DD: My curatorial practice goes hand in hand with the artistic one. I used to curate an international performance art festival for several years, now I curate an industrial culture platform. For me this practice makes sense as long as it can serve to create spaces of sharing.
AM: You performed at WROCLAW INDUSTRIAL FESTIVAL. How was it? Did you have any other occasion to perform in our country?
DD: I played in a tiny venue in Wroclaw year before performing in WIF. It was not a very successful gig as promoter basically did not promote us. It was four of us that year travelling on a mini tour – myself, “Skeldos”, “Orchach” and “Obšrr”.
AM: You release your records also on your own. Is it easier that way? Is it also about having control over the visual aspects and the quality of the physical release itself?
DD: I think most of the times I just lack the patience to send things around. Other times I just feel that if I don’t put this thing out right now, the moment will pass and I will not have the courage to release it. Then there are other times – for example “betylės erdvės” became a hybrid piece of work: I was making a sound installation in a gallery, but it was the pandemic, and I was looking for a form to make it accessible. And online mini-album was just a solution I needed.
AM: Considering Lithuanian scene with this kind of music, i’m finding recordings from Apport! – i admit, very interesting. Could you bring your scene a little bit closer?

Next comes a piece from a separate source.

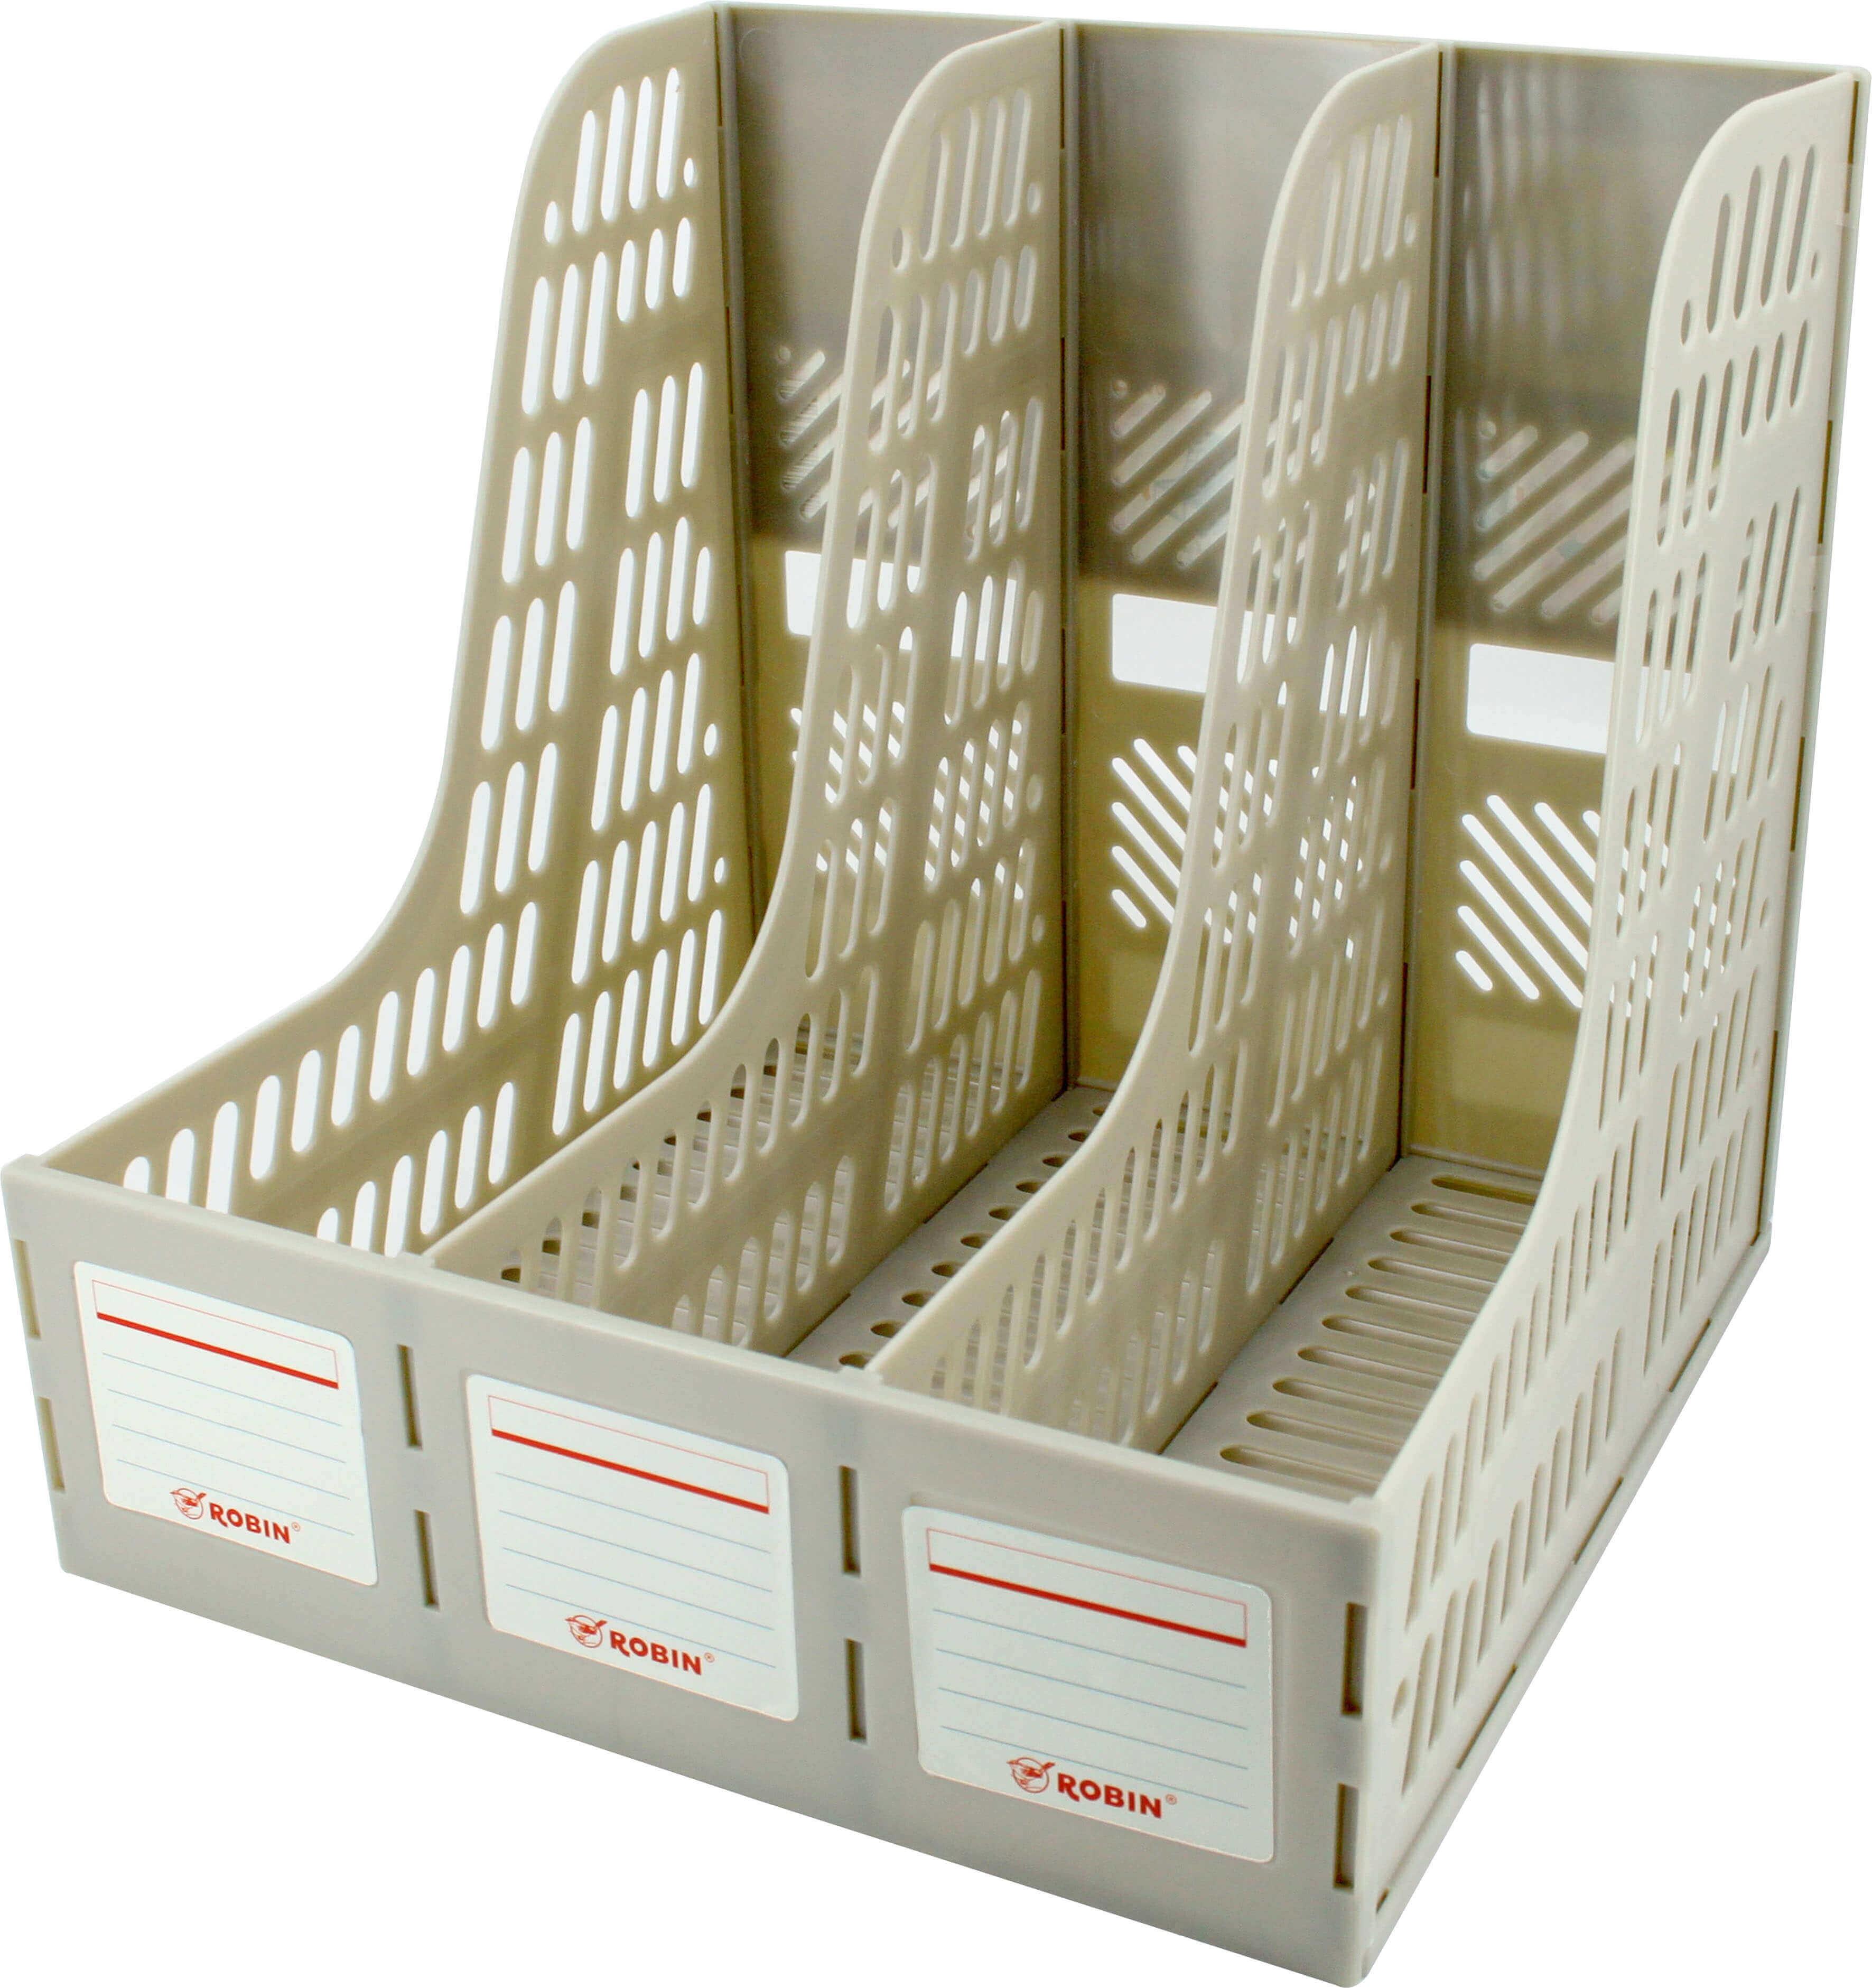 กล่องใส่เอกสารพลาสติก 3 ช่อง Robin 123 สีเทา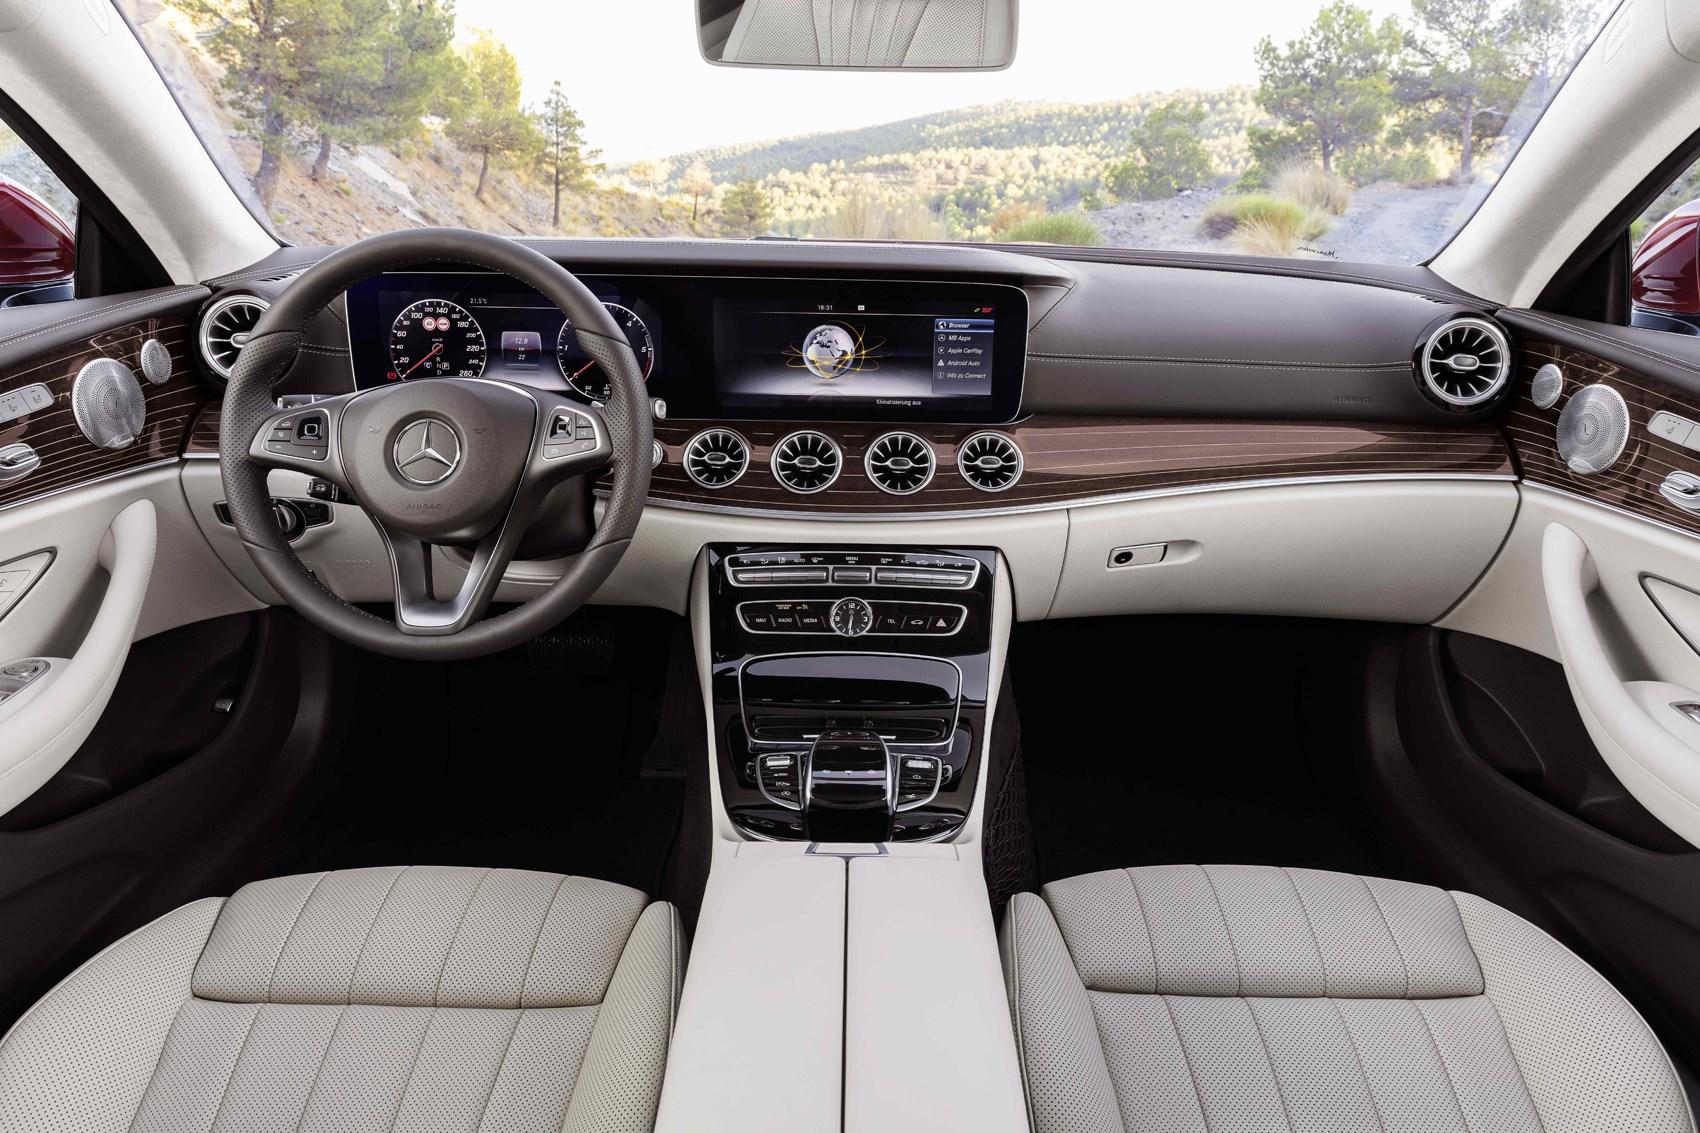 Mercedes Benz 2017 E Cl Coupe Interior Detail

DD: Most of us in the Lithuanian scene are to some extent proud of it – we are not exactly numerous, but the quality is really great, and not only technically. “Apport!” is putting out some great sounds, I am so happy they started the label. You could also check out “Ghia” collective’s work. Earlier “Terror” ( ) has been active in putting out some really harsh stuff. You might be familiar with the label “Autarkeia” which also used to also organize gigs years back. Some good music has been released by “Dangus” . “Suru records” label is sort of trying this territory out (especially with the latest release by “Nulis:s:s:s”) but they don’t yet have an acoustic identity that would help me identify them as the label of that what I imagine could be called industrial scene, I think. A year or so back a completely new label “Amulet of Tears” https://amuletoftears.bandcamp.com/ started out. As to more experimental stuff, “Electron Emitter” is to be mentioned. And surely there’s still things I am forgetting atm as well as numerous individual artists – among which I think a special mention should go to Skeldos, a great friend of mine, but listing all of those worth listening to would be a night’s work. All in all, there’s quite some things going on, which I am really happy about. I would, of course, like to see more women and queer artists in our scene, but it is not only a local issue.
AM: Daina – nomen omen – in Lithuanian language means “song”. Do you consider it as some kind of fate:)?
DD: I most definitely do :).
AM: What do you work on at the monent? When can we expect some new material?
DD: Since the Russian invasion to Ukraine I have not had much creative energy for music – it seems like it is ought to flow someplace else.
But something is coming up, regardless, in a form of a collaboration with a couple of musicians I appreciate a lot, and I hope to have news about it fairly soon and communicate it via my bandcamp.
AM: Thank you for your time, and best wishes in realisation of your plans.
DD: Thank you, Artūrs, for listening and for your interest!